» **PROBLEM**: In the records below, the relevant part opens with the line containing "Belles Musiques, le" and closes with the line containing "Фото современного ремонта"; print that part exactly and only, without its pictures.

» **DATA FOR PROCESSING**:
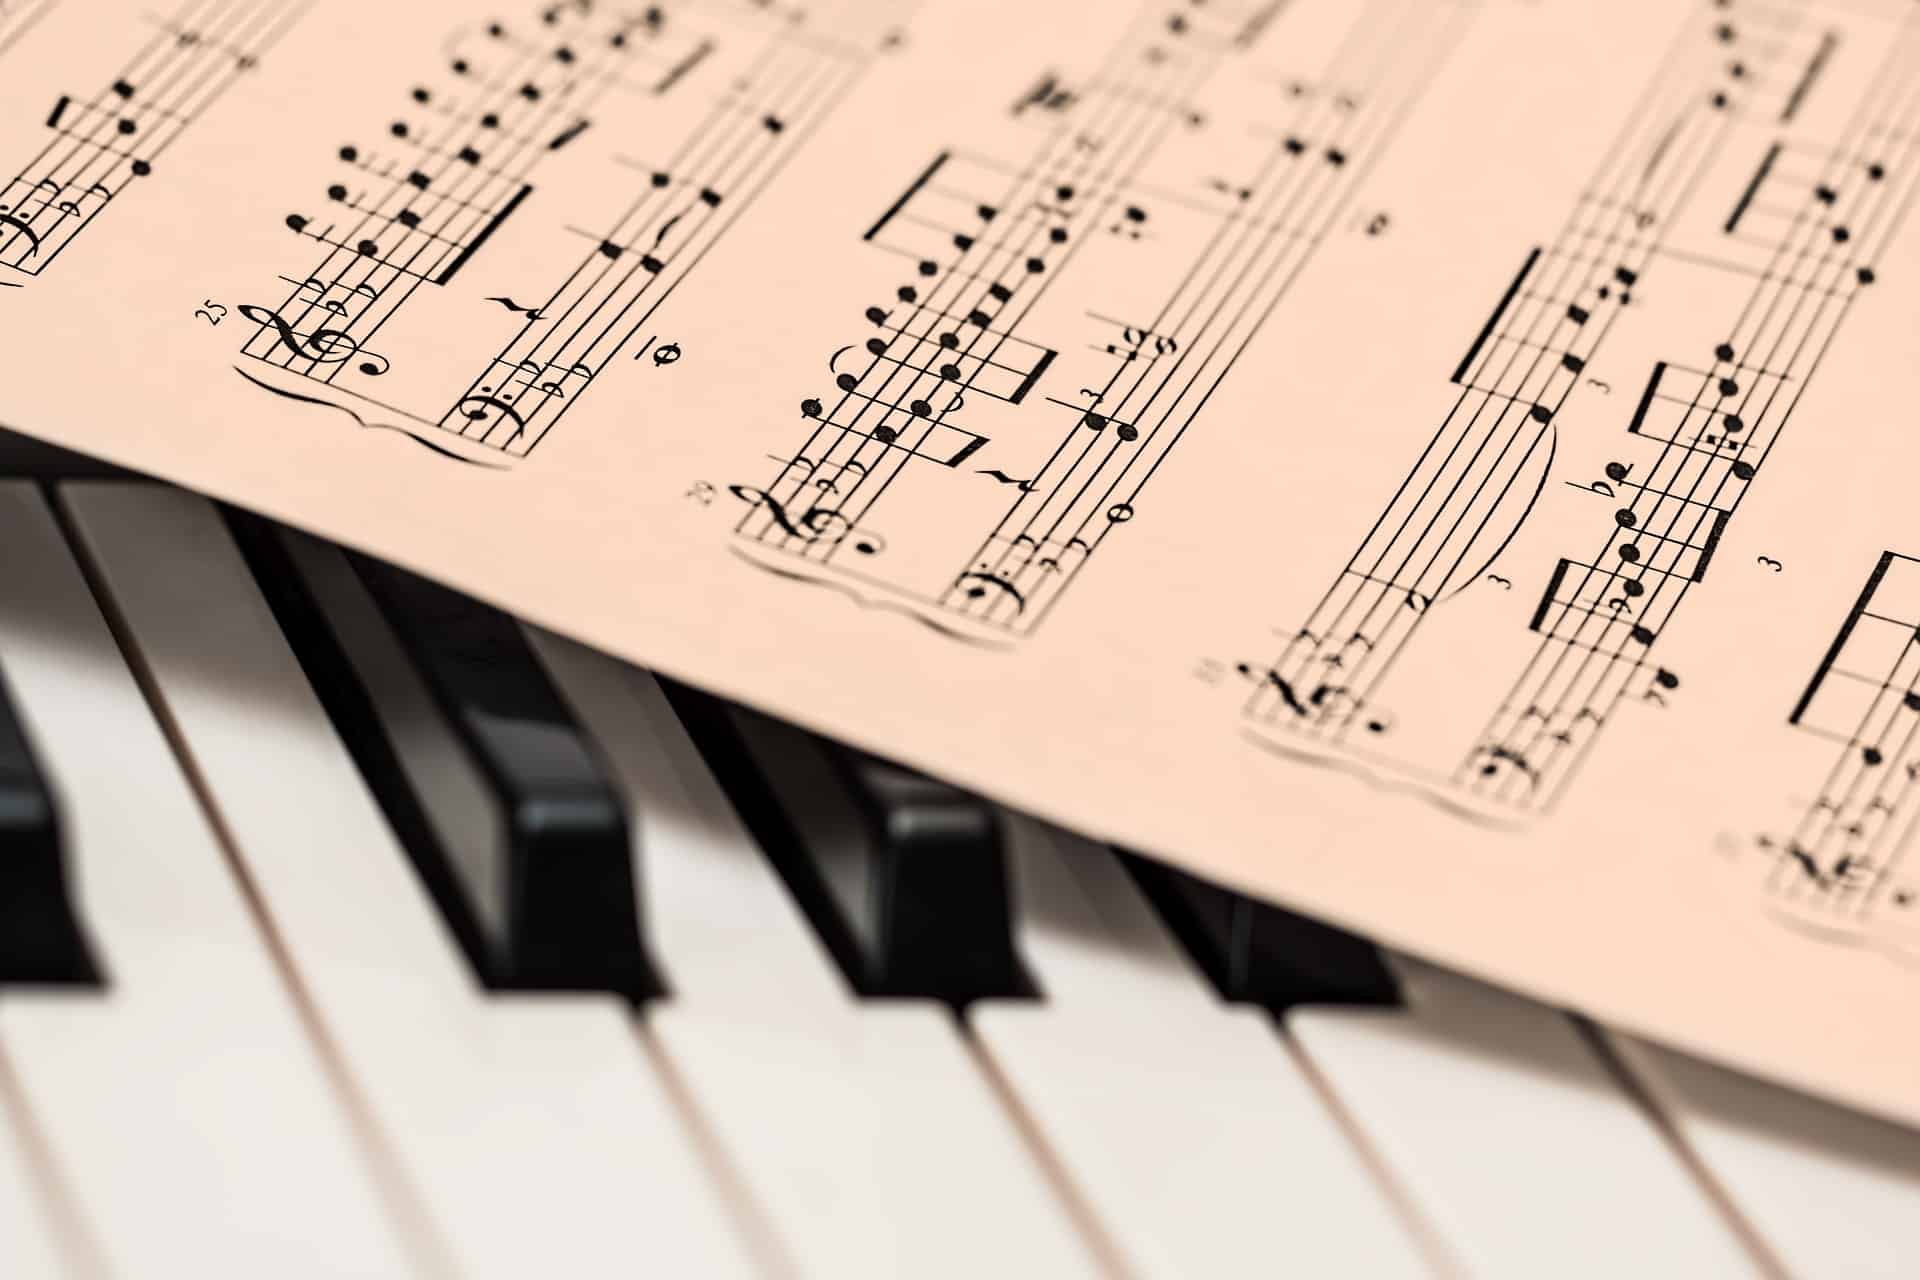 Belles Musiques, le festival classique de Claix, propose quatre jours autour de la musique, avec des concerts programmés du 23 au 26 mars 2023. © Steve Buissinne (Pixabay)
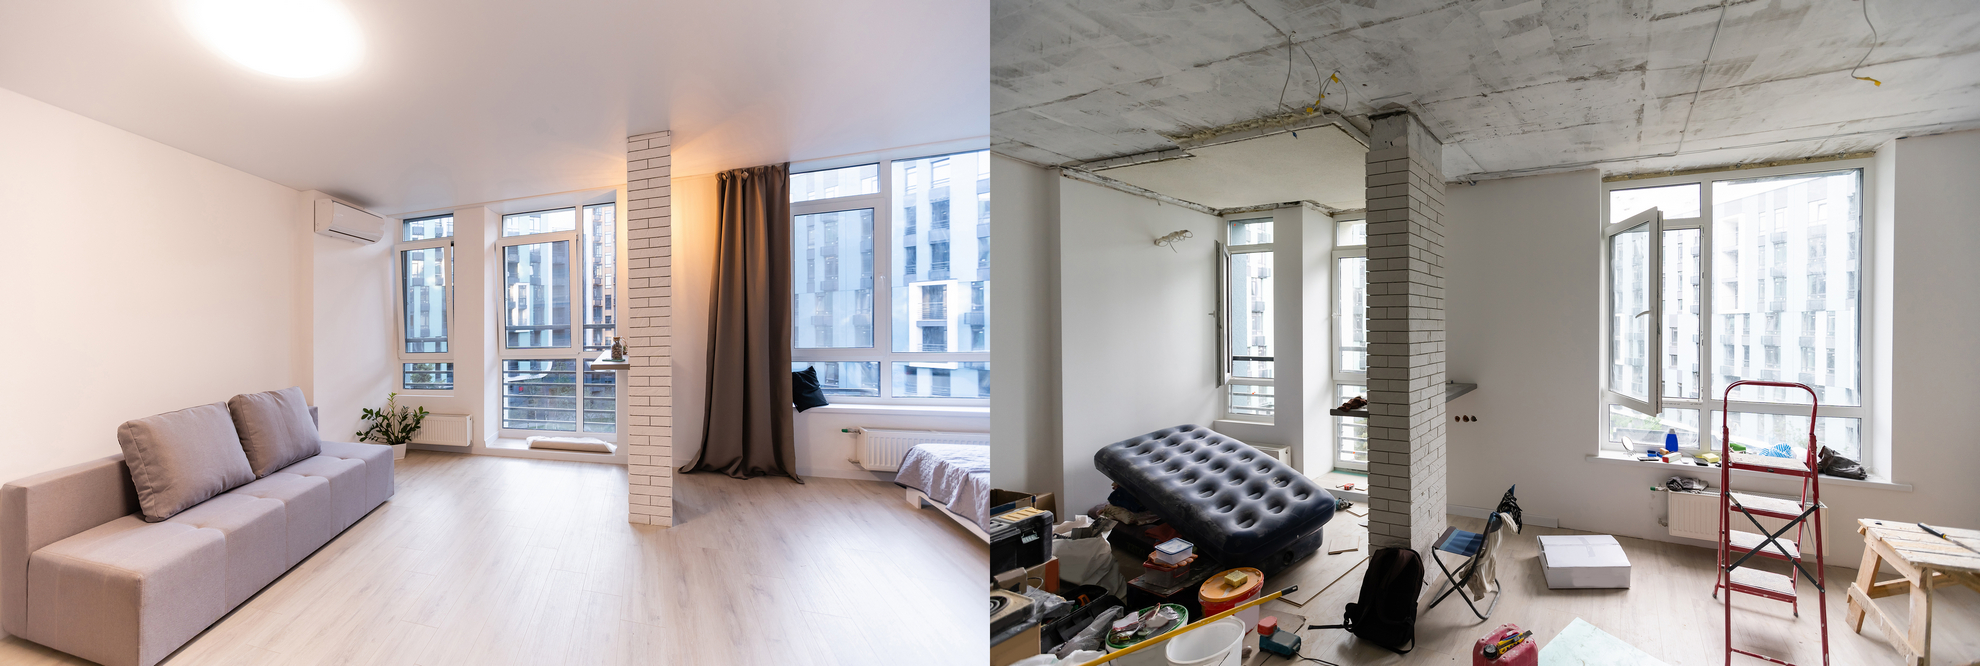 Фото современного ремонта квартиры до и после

...

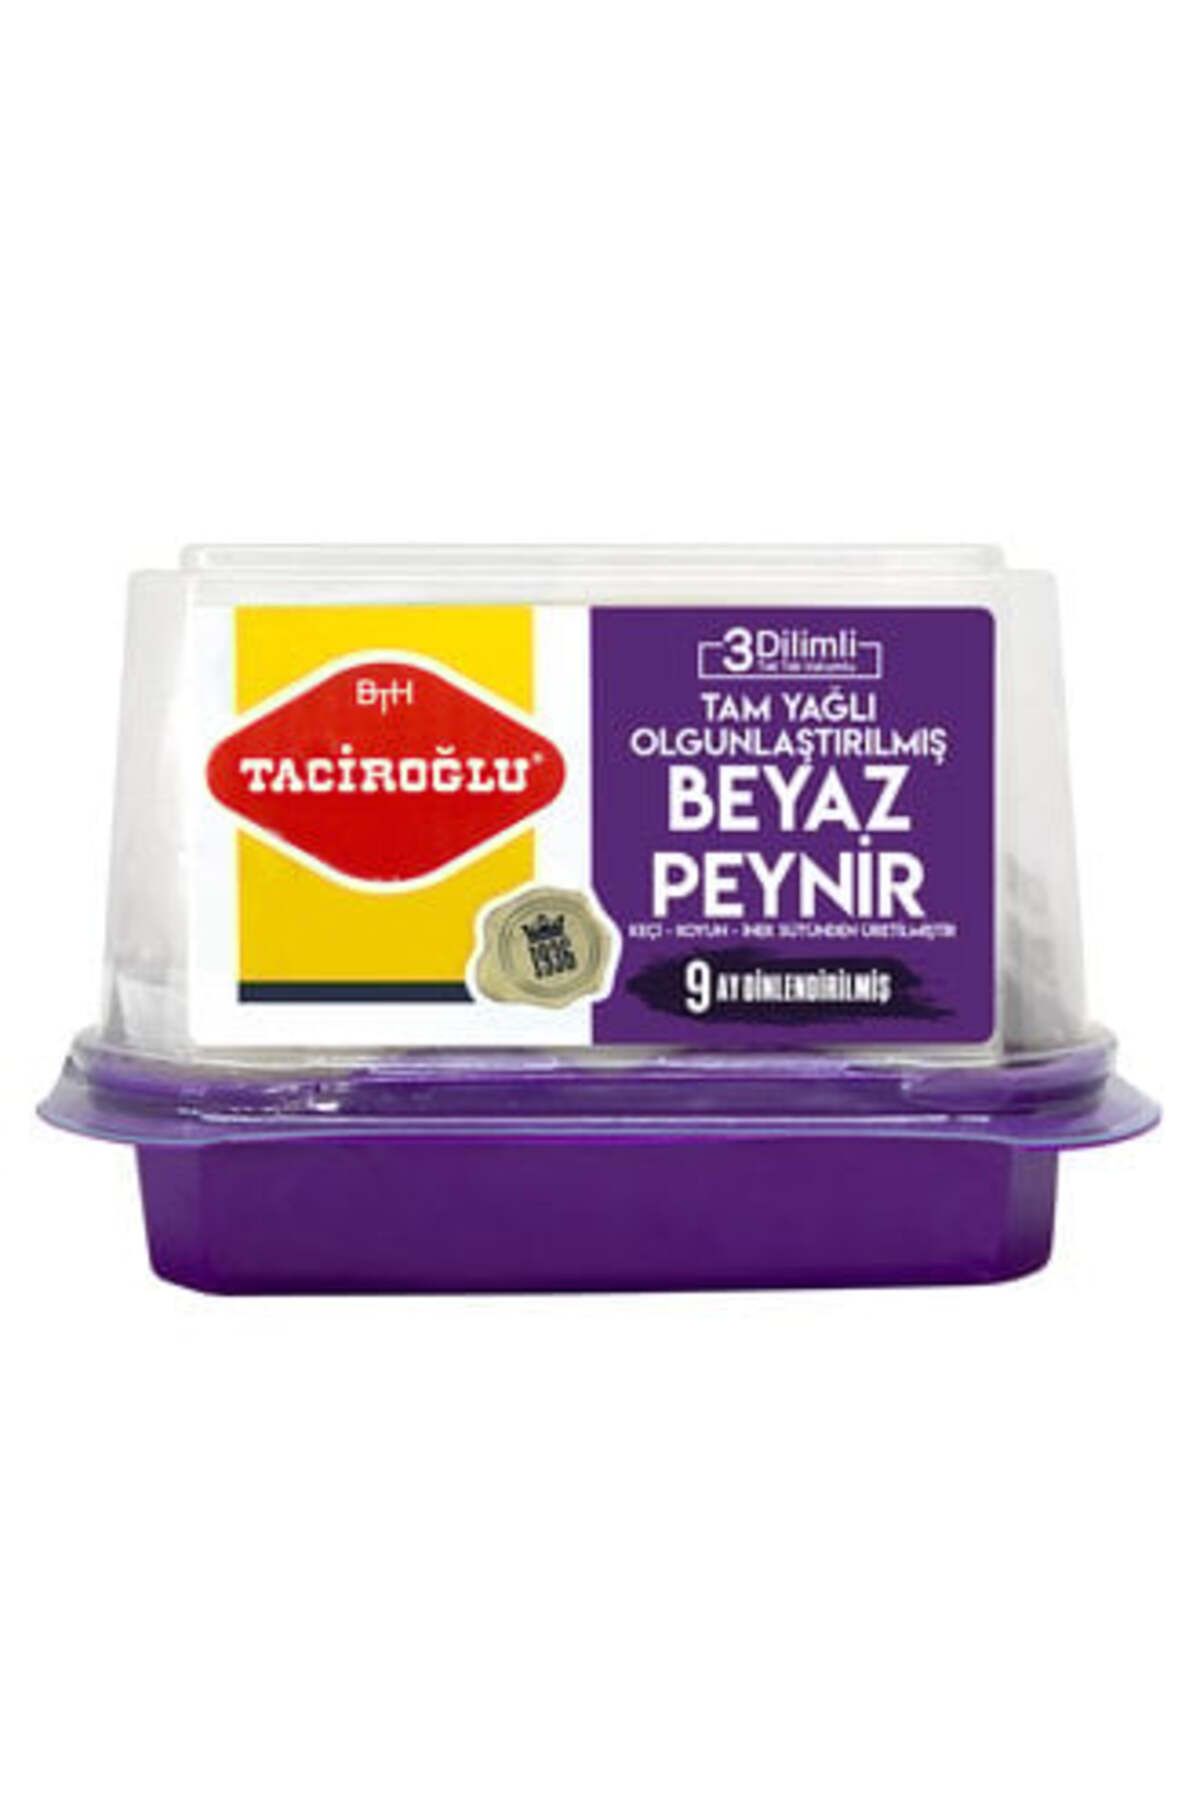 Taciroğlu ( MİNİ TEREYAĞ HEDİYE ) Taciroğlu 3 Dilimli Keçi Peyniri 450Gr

--

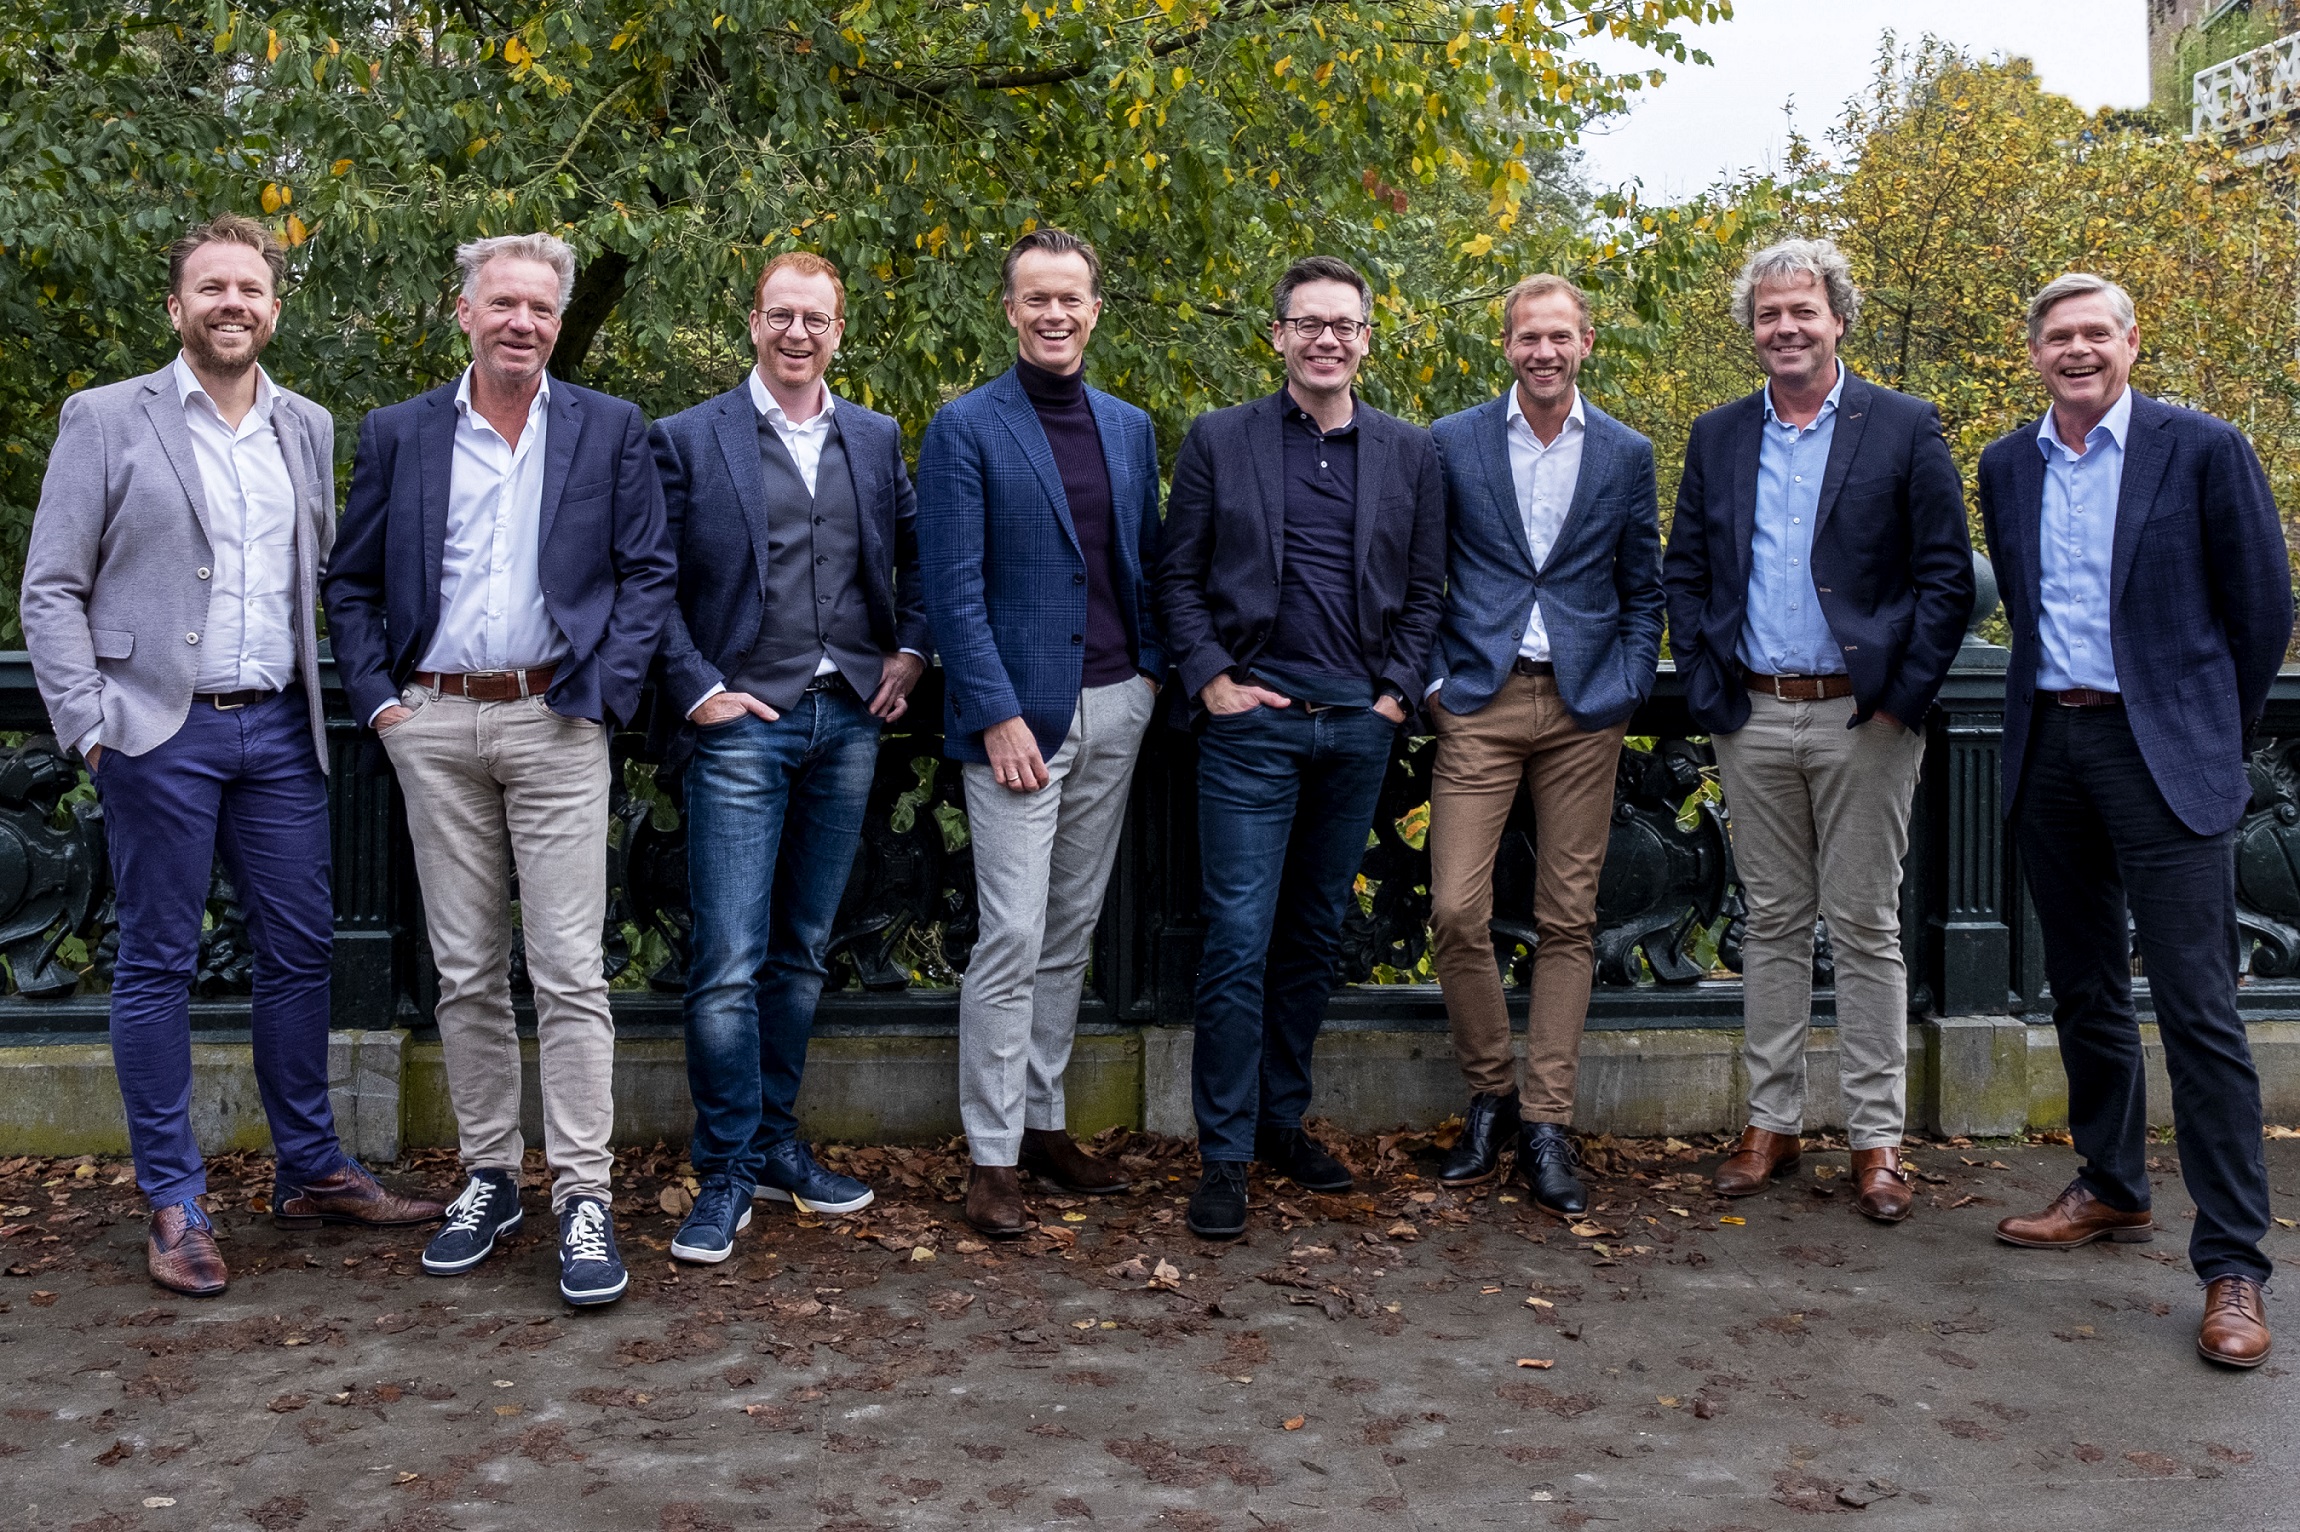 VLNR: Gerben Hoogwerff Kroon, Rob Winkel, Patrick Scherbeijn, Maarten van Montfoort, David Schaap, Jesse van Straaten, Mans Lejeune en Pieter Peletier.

» **EXPECTED OUTPUT**:
 Belles Musiques, le festival classique de Claix, propose quatre jours autour de la musique, avec des concerts programmés du 23 au 26 mars 2023. © Steve Buissinne (Pixabay)
 Фото современного ремонта квартиры до и после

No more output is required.